How to Trap a Mechanical Wave and Store Its Energy
A new study by researchers at the CUNY ASRC could lead to advances in quantum computing and ultra-low energy photonics.
Researchers at the Advanced Science Research Center at The Graduate Center, CUNY, have found a way to play a “trick” on mechanical waves. Their method lets the scientists store the waves indefinitely without losing energy, and release them on demand in a specific direction.
The research could lead to advances in quantum computing and ultra-low energy photonics, the authors say. As mechanical waves are used to evaluate the integrity of bridges, the study could also contribute to improvements in testing technology.
Authors on the study, published in Science Advances, include Younes Ra’di, a CUNY ASRC Photonics research professor, and Andrea Alù, the founding director of the Photonics Initiative at the CUNY ASRC.
If you wanted to store a light wave, you could build a box of mirrors and trap it inside. But this box won’t be perfect—some of your photons, or particles of light, will inevitably leak out. The same is true for mechanical waves, like the vibration of a guitar string: Storage tends to be inefficient.

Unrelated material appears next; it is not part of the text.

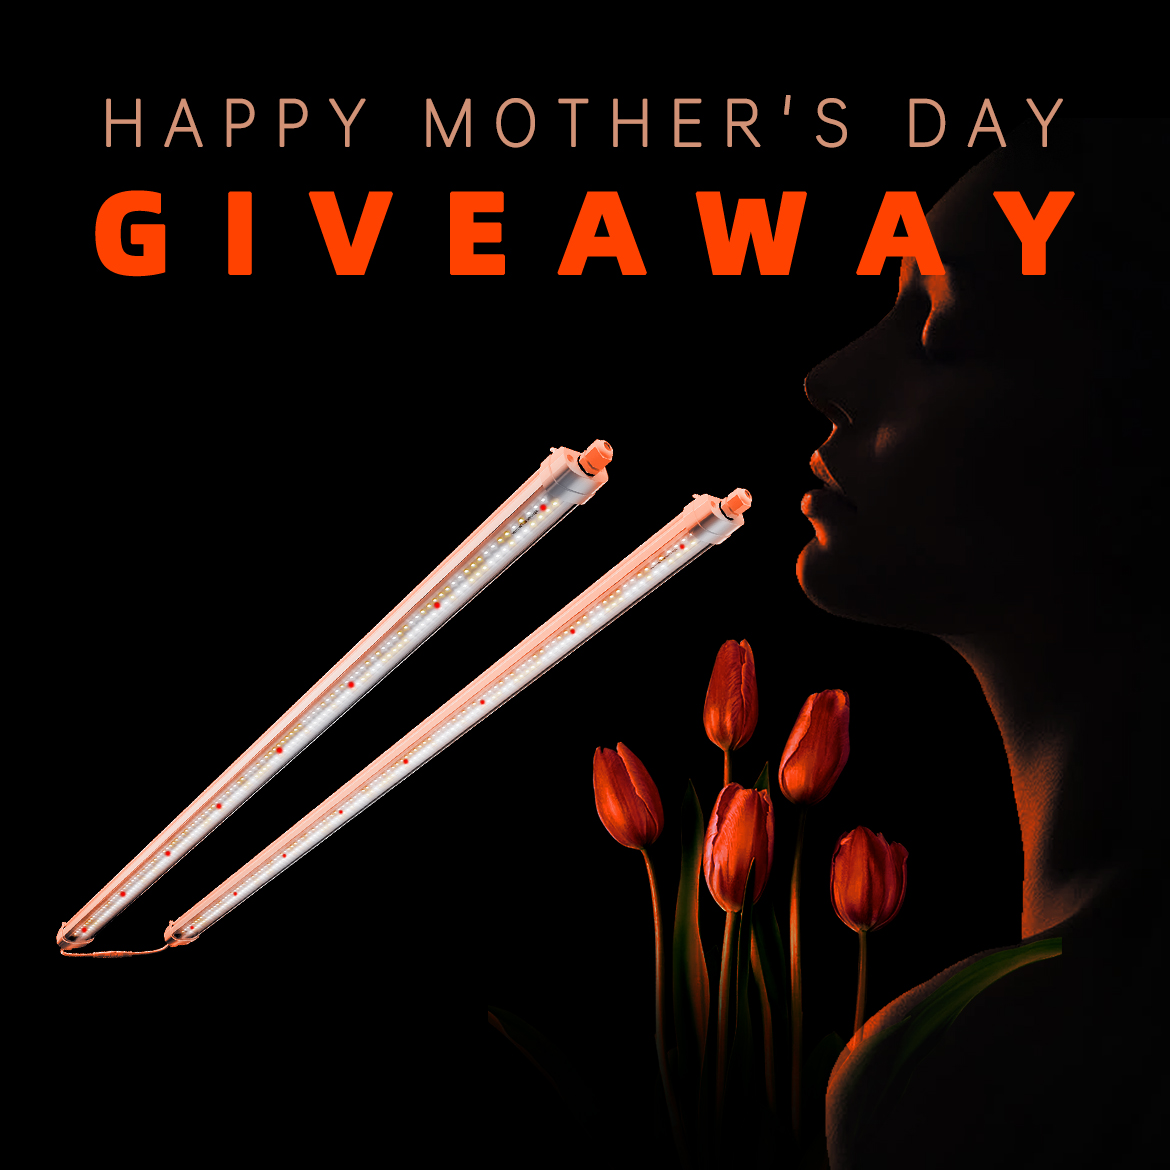 👩Mother’s Day GIVEAWAY are here!💐🌸 🔔RULE: 1⃣ Follow us 2⃣ Like & RT 3⃣ Turn MY noti on,and screenshot 4⃣ Tag 3 friends Finally, I wish all my fans and the greatest superhuman mothers a happy holiday！！！👩💐 ✨Good luck! #SpiderFarmer #giveaway #glow80

The team has experimentally demonstrated a way around this. Their setup used an aluminum rod with vibrating elements at either end to create waves, and a resonator in the middle. When the waves hit the resonator, some of their energy wants to reflect or scatter away. By changing the strength of the vibrations, the researchers can control how the waves evolve over time and are thus able to cancel out any attempted escapes.
This way the waves are effectively stored in the resonator. Detuning the vibrations or stopping them altogether then releases the waves.
“We are currently exploring the application of similar concepts to other types of waves, including light,” Alù said in an interview with Newsweek. “We envision efficient devices for optical computing and quantum computing based on similar principles, and improving the efficiency of wireless charging, memories and switches.”